- Jobless claims remain very low…
- ..as perhaps layoffs are being offset by reabsorption, job growth elsewhere
- US GDP growth beat estimates on mixed details
- US core cap-ex has plateaued…
- ...as this supply side measure has stopped expanding
Pick what you wish out of a grab bag of US macro reports this morning. Shorter-term US Treasuries slightly cheapened in the aftermath probably on the ongoing signs of strength in the job market.
Weekly initial jobless claims continue to run at very low levels despite layoff headlines (chart 1). At 186k last week they are at the lowest since last April and averaging just under 200k on a 4-week moving average basis. No states estimated their numbers this time (not even California) and so we can't really dent the quality of the low number on that basis now.

So what’s going on?

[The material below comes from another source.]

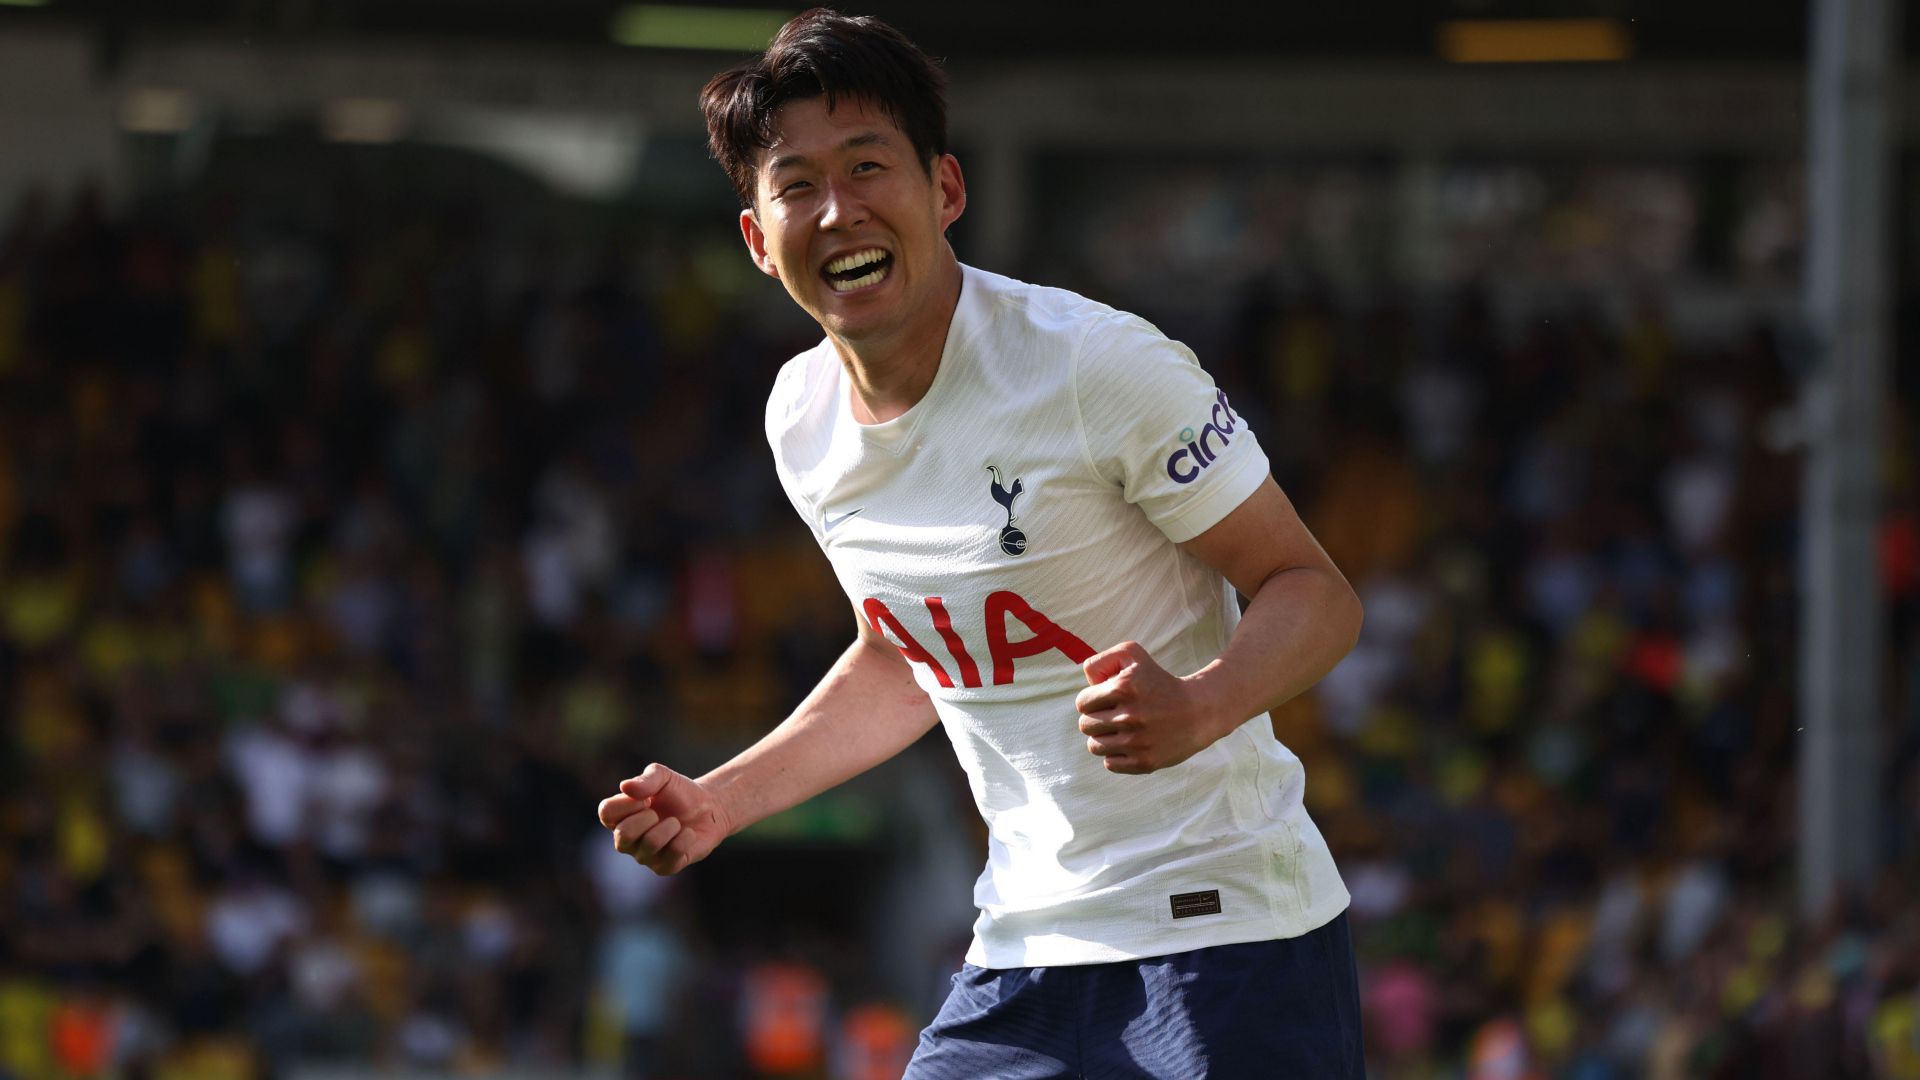 Crystal Palace vs Tottenham highlights: Son Heung-min secures win

Either there are lagging effects for when pink slips start showing up in jobless claims and/or layoffs are being offset by strength elsewhere. That could either be due to layoffs being reabsorbed into job vacancies and/or due to enough job creation elsewhere. This is a bullish signal into next week’s nonfarm payrolls but bad for folks who would prefer Powell to get weak knees.
US GDP growth surpassed consensus expectations (2.9% q/q SAAR, consensus 2.6%, Scotia 2.8%) following 3.2% growth in Q3. Yet again consensus was too bearish for too long in a repeat of what happened into Q3 GDP but I’m sure some folks will find a way to dump on the numbers regardless.
GDP details were mixed. Chart 2 shows the weighted contributions to GDP growth in Q4. Be careful toward the inventories contribution as perhaps stocks were depleted too rapidly when inventories dragged on Q2 and Q3 GDP growth. Consumption was up 2.1% q/q SAAR and added 1.4 ppts to GDP growth in weighted terms which was a little lighter than expected and may indicate a soft December reading tomorrow. Trade added 0.6 ppts to GDP growth entirely due to less of an import leakage effect as exports were a small drag. Fixed investment subtracted 1.2 ppts from growth due to residential (-1.3 ppts weighted drag) with nonres investment flat (+0.1 ppts weighted). Government spending added 0.6 ppts due to all levels contributing.

Durable goods orders soared by 5.6% m/m SA primarily due to a surge in plane orders. Core cap-ex (excluding planes and defence) slipped by 0.2% m/m. Chart 3 shows that the trend in cap-ex has flattened out. The debate on that involves whether it is sensible because the economy may fare much worse than expected and for longer, or whether the supply side has stopped growing and we'll pay the price for that through inflation risk into a potential demand rebound at some point.

And I don't see anything in the core PCE figures that is surprising into tomorrow's December readings. 3.9% q/q on the screws. Cooler, but so not cool.